Authentication
The Uber Ads API uses OAuth 2.0 authorization code flow to securely authenticate your application and authorize access to advertising data.
¶ How OAuth 2.0 works
OAuth 2.0 lets users grant your application access to their Uber Ads data without sharing their login credentials. The process involves:
- Authorization: Users authorize your app through Uber’s login system
- Token exchange: Your app exchanges the authorization code for access tokens
- API access: Use access tokens to make authenticated API requests
¶ Required scopes
When requesting authorization, specify the scopes your application needs:
| Scope | Access |
|---|---|
ads.campaigns.read |
Read access to campaign data |
ads.ad-accounts.read |
Read access to user’s ad accounts |
ads.products.read |
Read access to product endpoints |
ads.reporting |
Access to reporting endpoints |
Important: Adding more scopes to your application will require users to go through a reauthorization process. Ensure your integration can handle cases where reauthorization is needed, as users will need to approve the new scope permissions.
¶ Authorization flow
Step 1: Direct users to authorize your app
Send users to Uber’s authorization URL:
https://auth.uber.com/oauth/v2/authorize?client_id=YOUR_CLIENT_ID&redirect_uri=YOUR_REDIRECT_URI&scope=ads.campaigns.read ads.ad-accounts.read ads.products.read ads.reporting&response_type=code
Parameters:
client_id- Your application’s client ID from the Developer Dashboardscope- Space-separated list of requested scopesredirect_uri- Where users are redirected after authorization
Step 2: Handle the authorization response
Once the Uber user authenticates and authorizes your app, Uber will issue an HTTP 302 redirect to the redirect_uri.
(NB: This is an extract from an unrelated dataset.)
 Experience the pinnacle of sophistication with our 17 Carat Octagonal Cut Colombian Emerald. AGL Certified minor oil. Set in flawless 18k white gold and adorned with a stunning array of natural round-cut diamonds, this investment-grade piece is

On that redirect, you will have a single-use authorization code which will expire in 10 minutes. The code query parameter is the authorization code needed for the next step.
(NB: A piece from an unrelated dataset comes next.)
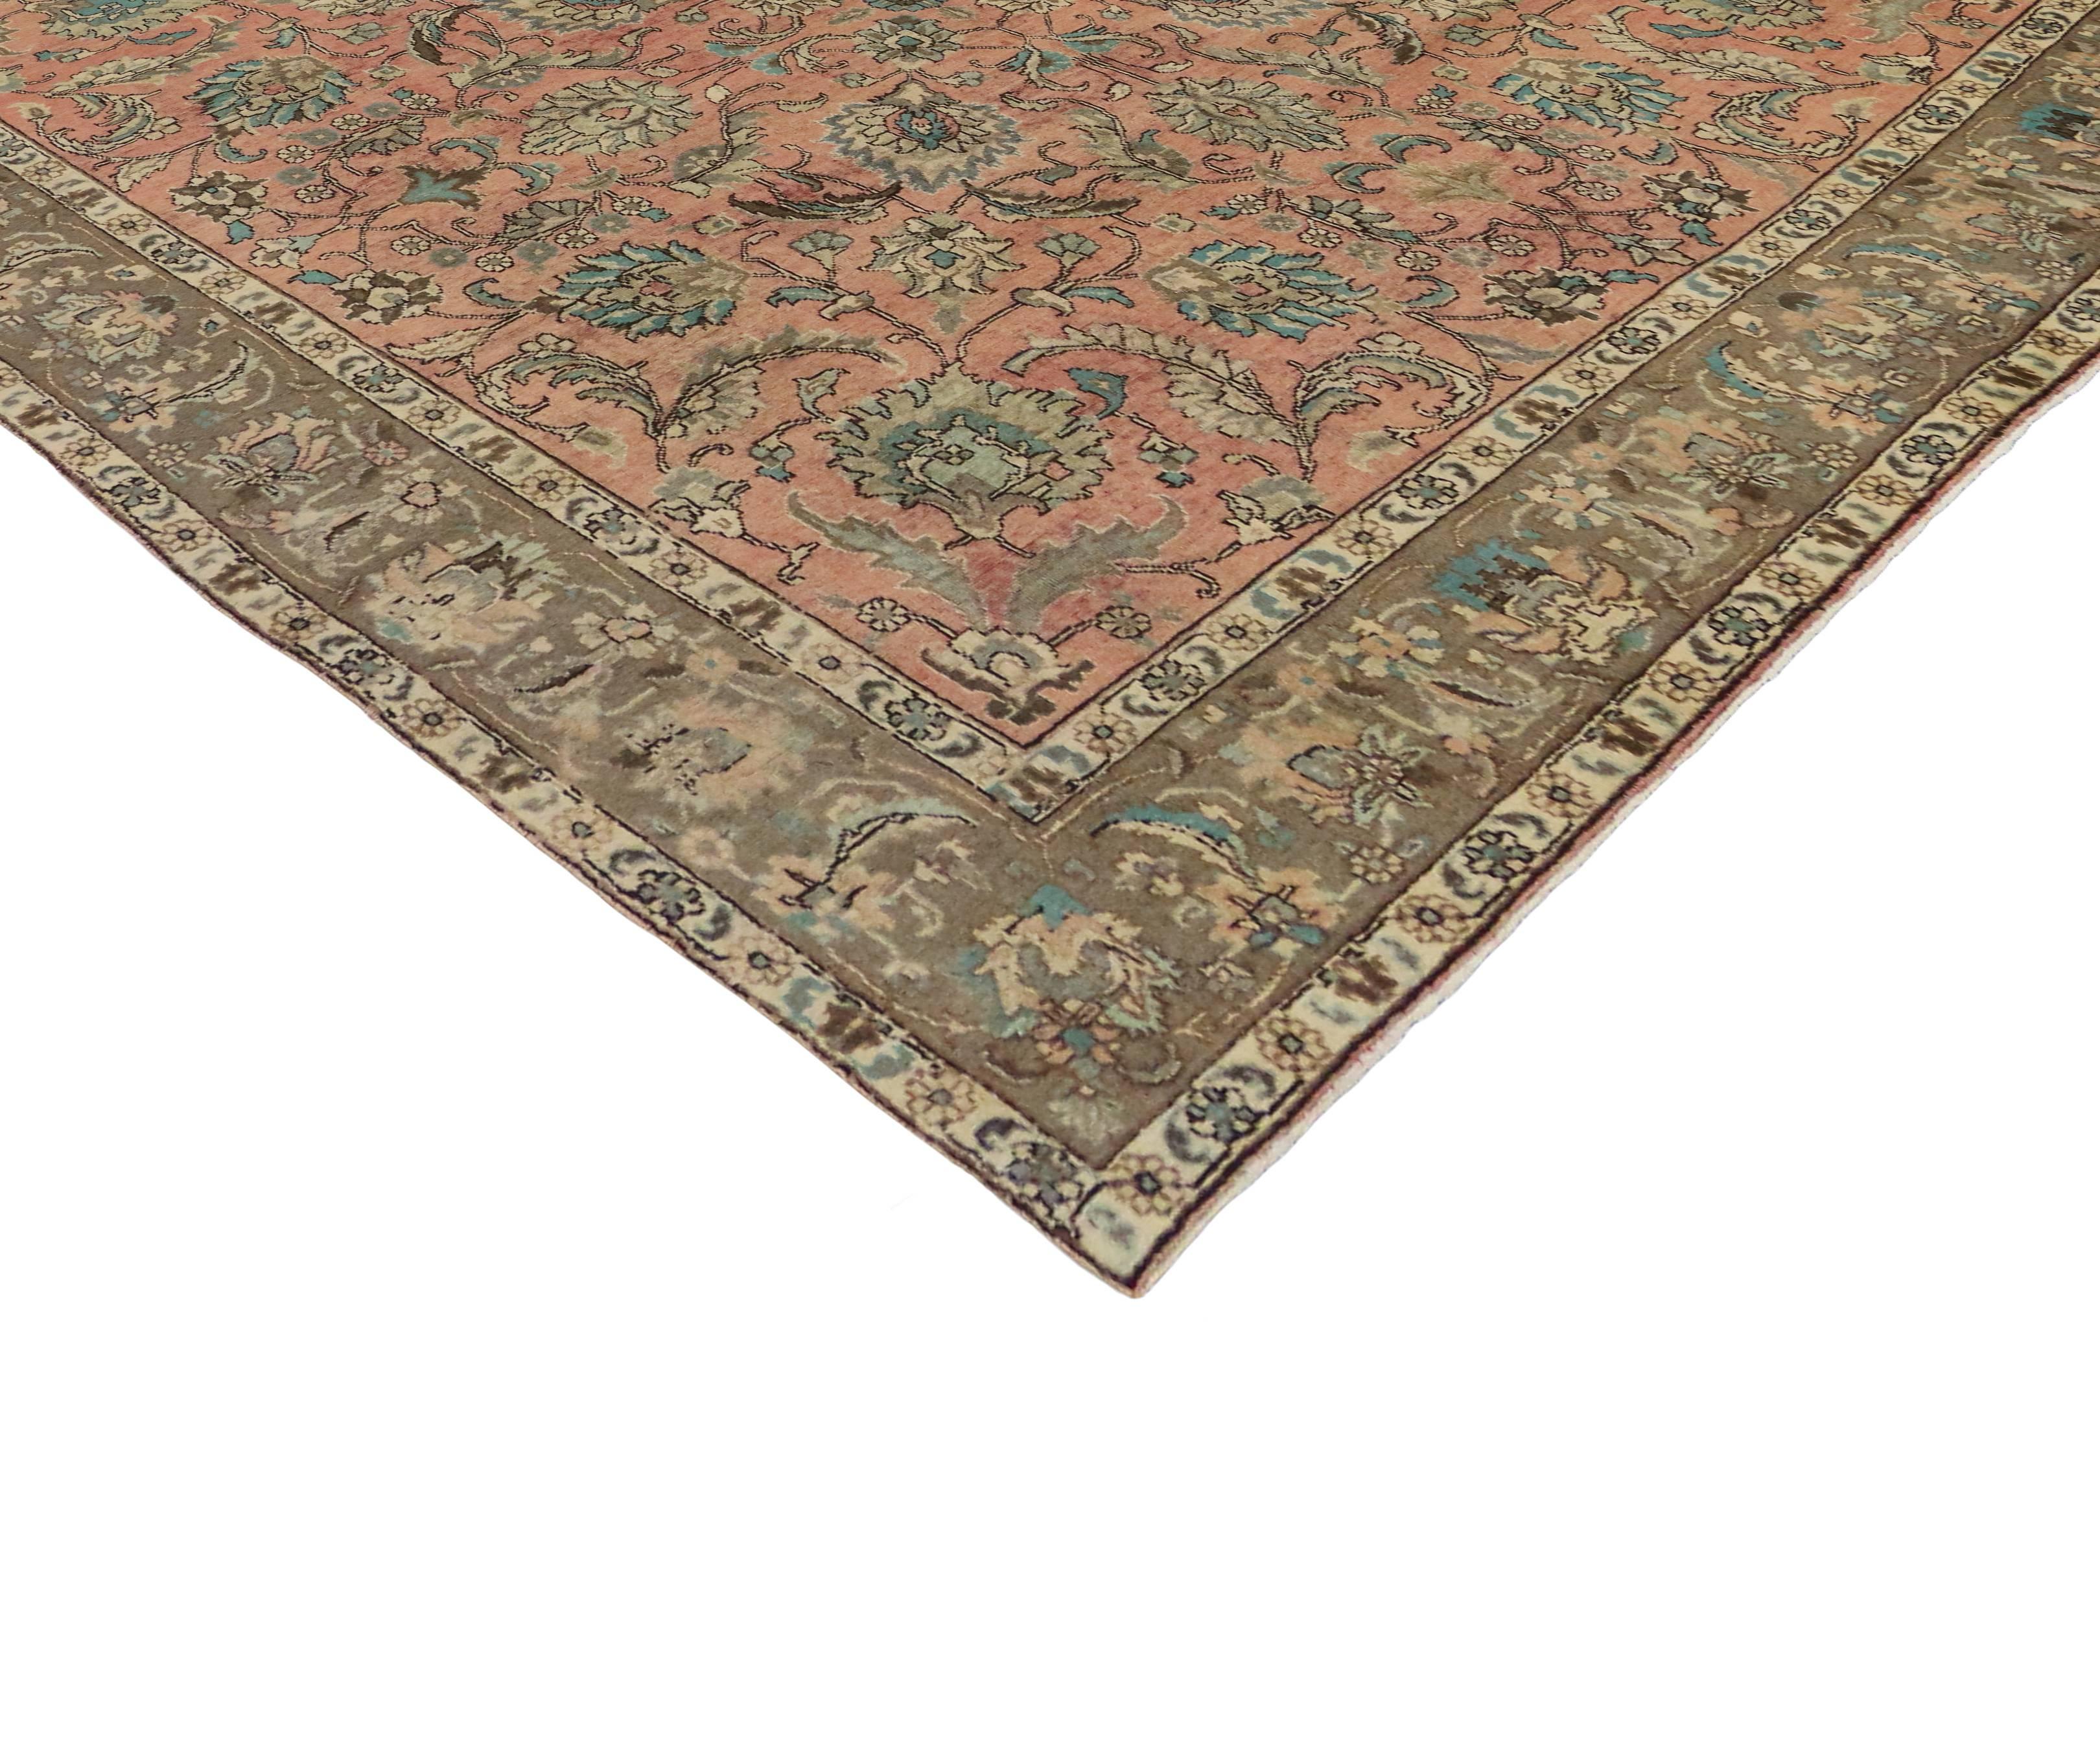 Embodying the highly decorative aesthetic, this vintage Persian Tabriz rug displays a traditional style in light colors. Featuring a tastefully casual presence and sophisticated chic style, the all-over geometric pattern resonates an astounding

Step 3: Exchange code for tokens
Make a POST request to exchange the authorization code for access tokens:
curl -X POST https://login.uber.com/oauth/v2/token \
-H "Content-Type: application/x-www-form-urlencoded" \
-d "grant_type=authorization_code" \
-d "code=AUTHORIZATION_CODE" \
-d "client_id=YOUR_CLIENT_ID" \
-d "client_secret=YOUR_CLIENT_SECRET" \
-d "redirect_uri=YOUR_REDIRECT_URI"
Response:
{
"access_token": "ACCESS_TOKEN",
"token_type": "Bearer",
"expires_in": 86400,
"refresh_token": "REFRESH_TOKEN",
"scope": "ads.campaigns.read ads.ad-accounts.read ads.products.read ads.reporting"
}
¶ Using access tokens
Include the access token in the Authorization header of all API requests:
curl -X GET "https://api.uber.com/v1/ads/account/{account_id}/campaigns" \
-H "Authorization: Bearer {ACCESS_TOKEN}" \
-H "Content-Type: application/json"
¶ Refreshing access tokens
Access tokens expire after a period of time. Use the refresh token to obtain a new access token without requiring the user to re-authorize your application.
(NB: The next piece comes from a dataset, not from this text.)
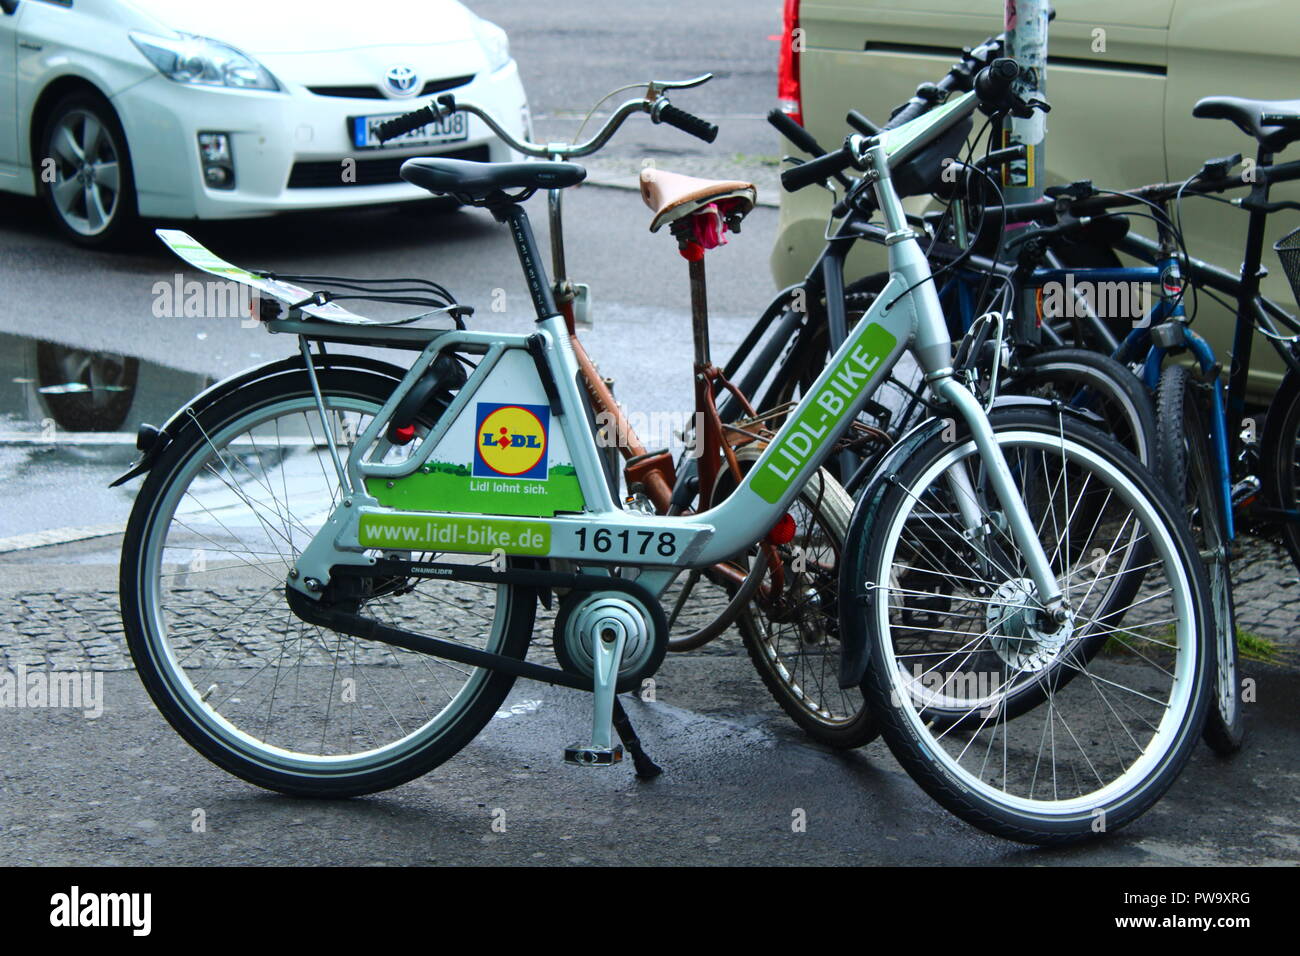 Lidl Bike - Berlin Bike Sharing Scheme - Public cycling - with other bikes  and car in background Stock Photo - Alamy

Make a POST request with the refresh token:
curl -X POST https://auth.uber.com/oauth/v2/token \
-F "client_secret=YOUR_CLIENT_SECRET" \
-F "client_id=YOUR_CLIENT_ID" \
-F "grant_type=refresh_token" \
-F "redirect_uri=YOUR_REDIRECT_URI" \
-F "refresh_token=REFRESH_TOKEN"
Response:
{
"access_token": "NEW_ACCESS_TOKEN",
"token_type": "Bearer",
"expires_in": 86400,
"refresh_token": "REFRESH_TOKEN",
"scope": "ads.campaigns.read ads.ad-accounts.read ads.products.read ads.reporting"
}
Important notes:
- Refresh tokens do not expire but can be revoked by the user or when new scopes are added to your application.
- Implement token refresh logic before the access token expires to ensure uninterrupted API access.